By analyzing its DNA at a deep enough level, you could reconstruct a lot of the tree of life that characterizes Earth itself.
I mean, a bird is a densely packed microcosm of its environment.
And I thought, well, I don't know if you know this, Dr. Dawkins, but there was a medieval conceit among Christians hundreds of years ago that the human soul was a microcosm.
Right, which was a reflection of the cosmic order.
And your proposition as an evolutionary biologist is that you can't adapt to an environment that you're not a microcosmic replica of.

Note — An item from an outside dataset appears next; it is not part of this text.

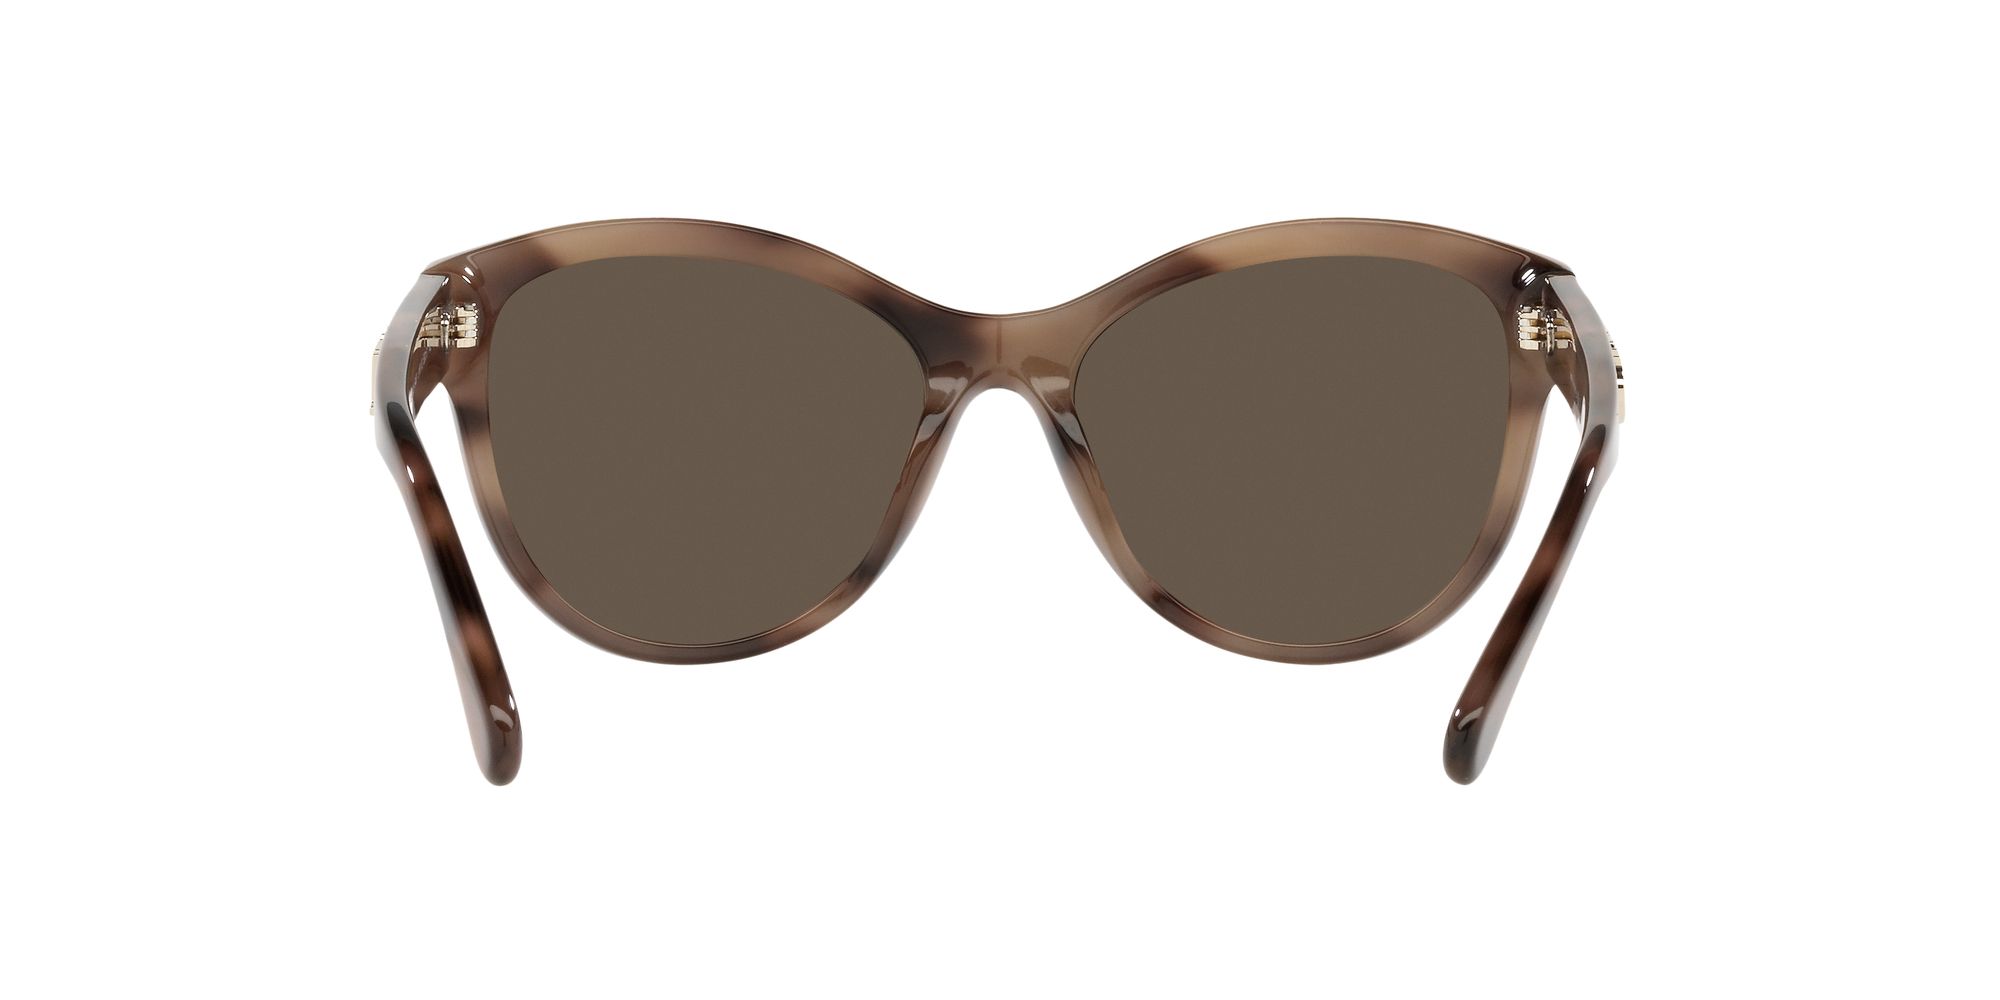 Chanel sunglasses rhinestone - Gem

That's exactly the same claim that the Christians made, like in the medieval period.
We're a microcosm.
Our soul reflects the cosmic order.
You might say, well, what the hell does that mean, Dr. Peterson?
It means that if you're not in tune with the structure of reality at hand,
all of the levels at which it manifests itself, then you die.
That's what it means.
And so I found that extraordinarily interesting, especially because it has another implication, which is that if we are a microcosm of the cosmos itself and we're a personality, then maybe the deepest way that we can conceptualize our relationship to being and becoming itself is as a covenant, as a relationship, as an understanding between beings, right?
rather than as an alienated consciousness inhabiting a cold and dead material world.
And so...
I was interested in that partly because there's an insistence in the Old Testament stories that we're in relationship with being and becoming.
And, you know, and Tammy made reference to that in relationship, let's say, to prayer.